This application is a U.S. continuation application which is filed under 35 U.S.C. 111(a) and claims the benefit under 35 U.S.C. 120 of an allowed U.S. patent application (U.S. patent application Ser. No. 11/955,174), filed on Dec. 12, 2007, the entire contents of which are hereby incorporated by reference.

BACKGROUND OF THE INVENTION

1. Fields of the Invention

The present invention relates generally to surveillance systems and more particularly to an image sensor, a motion image sensor, and improved, cost-effective image analysis and motion image analysis methods.

2. Description of the Prior Art

Generally, in many imaging systems implemented for detecting moving objects in an image field, there is a cost associated with sampling parts of the image. This cost includes but is not limited to:

    • a. A cost in energy in irradiating the subject, e.g. electricity bill for lighting;
    • b. A cost in damaging the subject, for instance, high exposure to X-rays with fluoroscopy;
    • c. A cost in being detected, which might apply in certain security applications, where it is desired to want someone not to know if they are being observed;
    • d. A cost in sensor time where the sensor has to be physically moved, and hence time is wasted by sampling uninteresting areas; and,
    • e. A cost in sensor time where an image sensor device requires time to reset between sampling.

In any moving image, there are typically areas of interest and areas that are not of interest. Traditional imaging systems expend the same amount of cost to sample all areas of the image. When an image comes to be stored on a non-volatile medium, the moving image will typically be compressed. Compression reduces the amount of data to be stored, but it does not remove the cost of making the image in the first place.

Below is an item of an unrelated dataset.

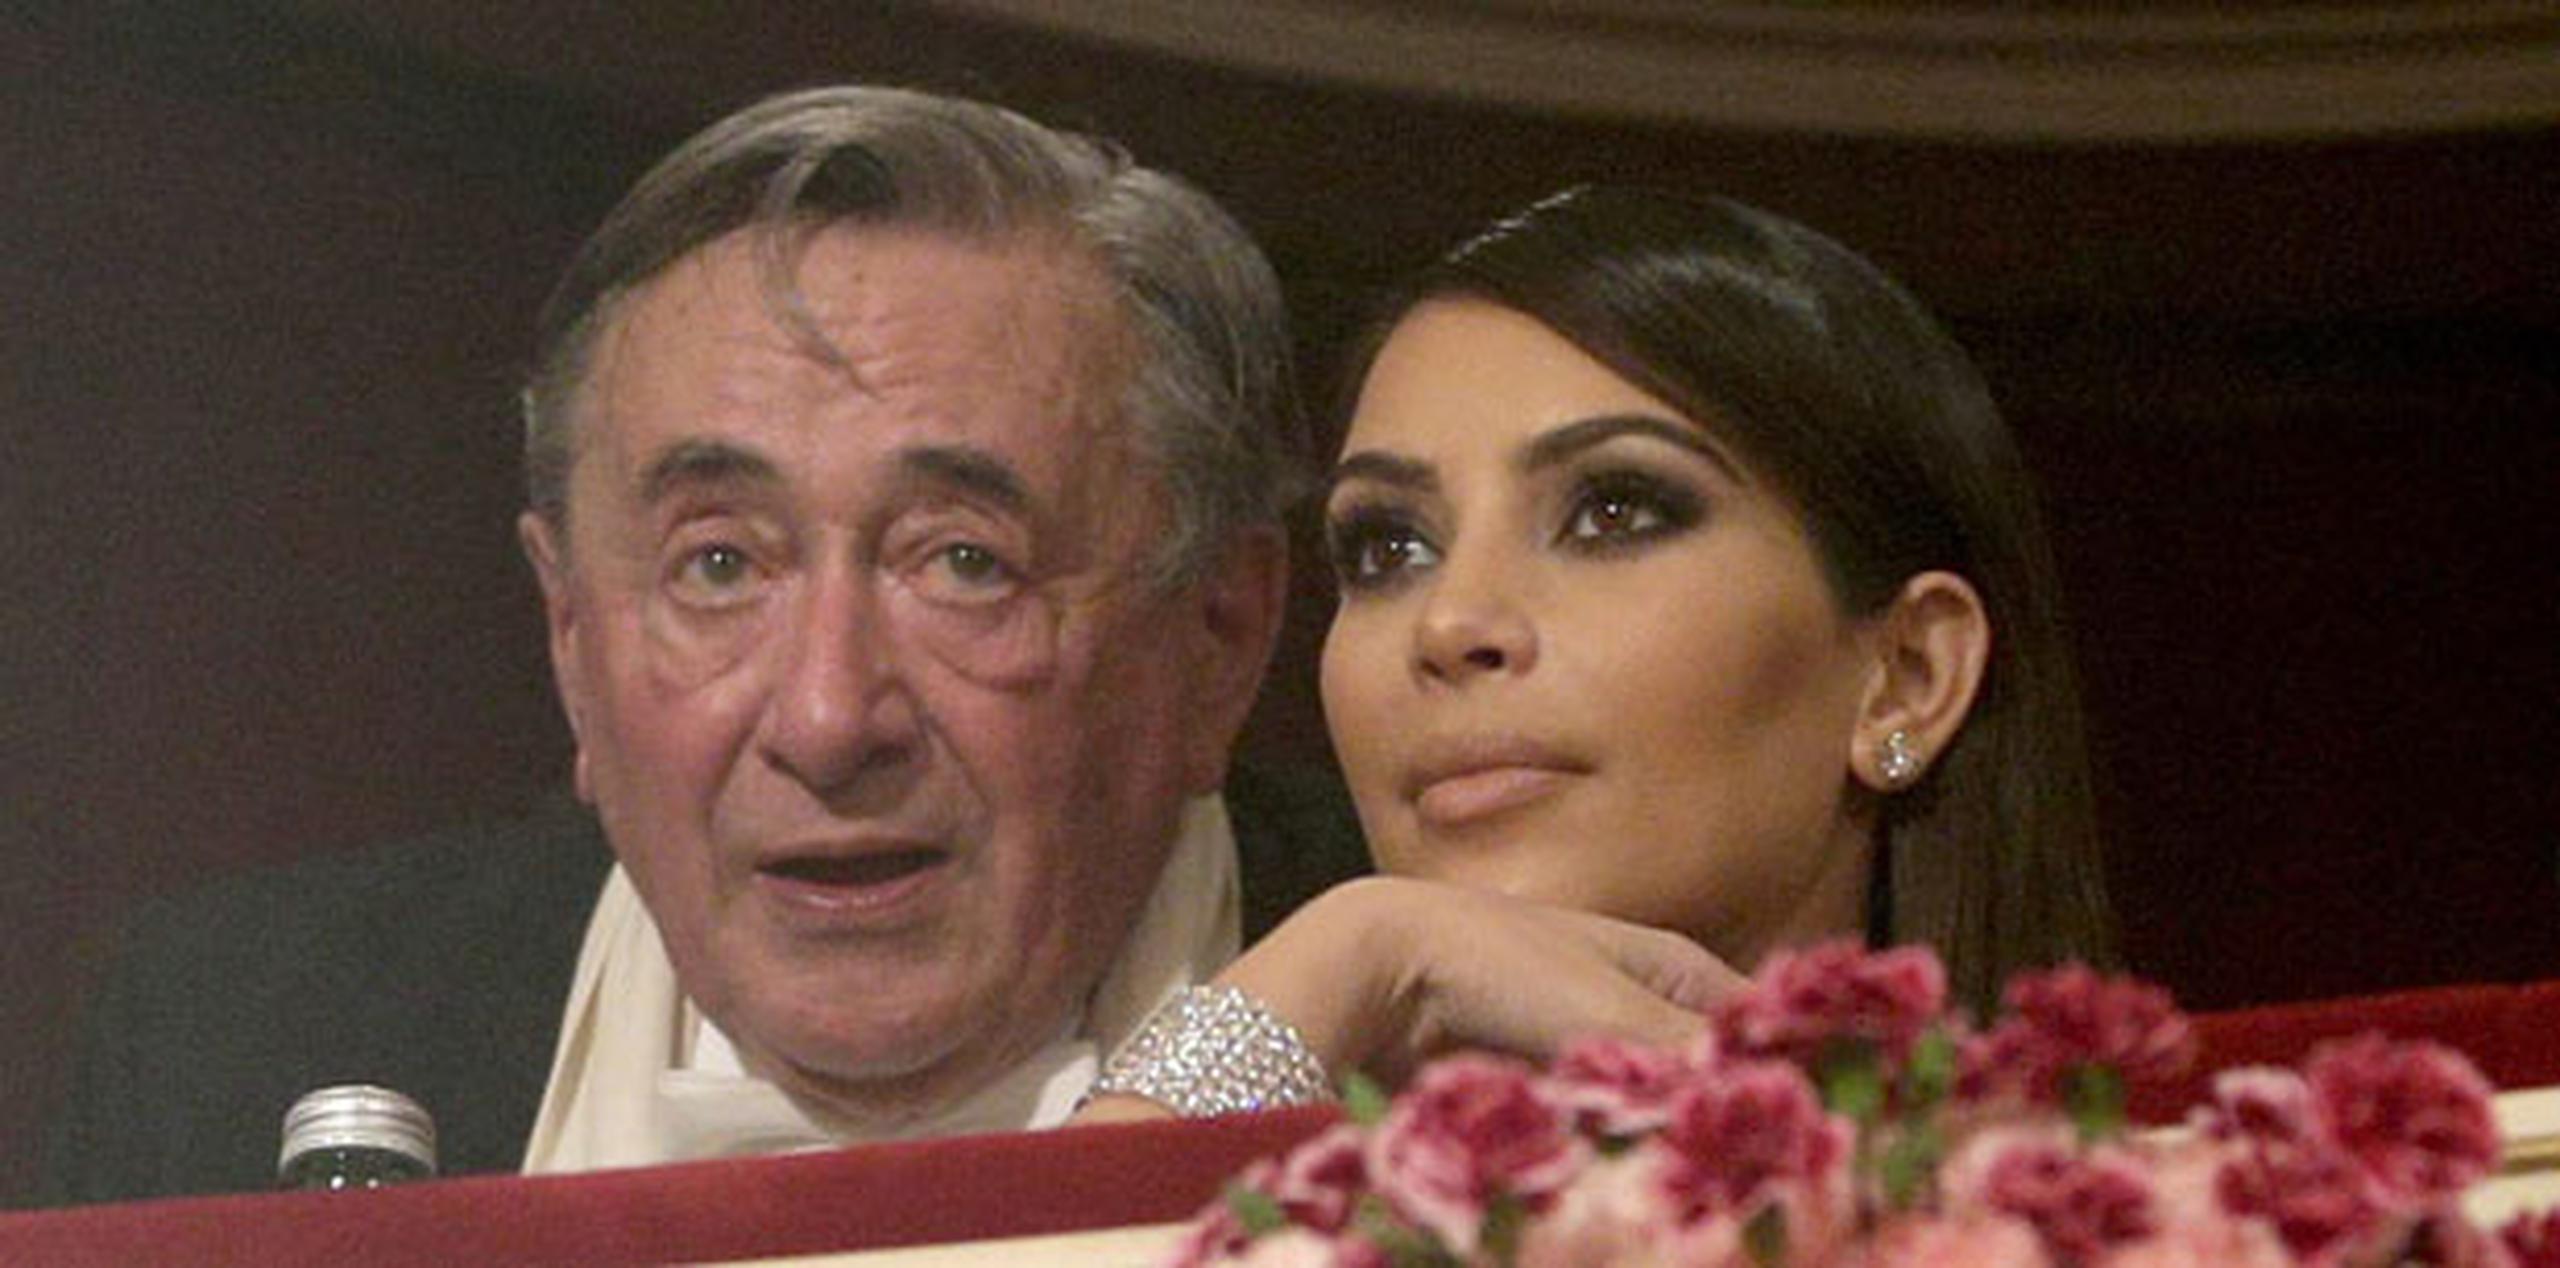 Kardashian asistió al evento como acompañante del millonario austríaco Richard Lugner.(EFE)

Jonas Nilsson in the work entitled “Visual Landmark Selection and Recognition for Autonomous Unmanned Aerial Vehicle Navigation”—Master's degree project, The Royal Institute of Technology, Sweden, 2005, (hereinafter Nilsson)—disclosed image analysis methods that aim at enhancing the performance of a navigation system for an autonomous unmanned aerial vehicle. Nilsson investigates algorithms for the selection, tracking and recognition of landmarks based on the use of local scale invariant features. For example, Nilsson disclosed the affine tracker algorithm combined with Kalman filters to track an object in an image plane. Nilsson further discloses a landmark recognition algorithm that has the capability of recognizing landmarks despite the presence of noise and significant variation in scale and rotation. The performance of the landmark recognition algorithm allows for a substantially reduced sampling rate but the uncertainty of the landmark location results in larger image search areas and therefore an increase in the computational burden. That means the landmark recognition algorithm is more suitable for stable (i.e. unchanging) image regions than for unstable (i.e. changing) image regions.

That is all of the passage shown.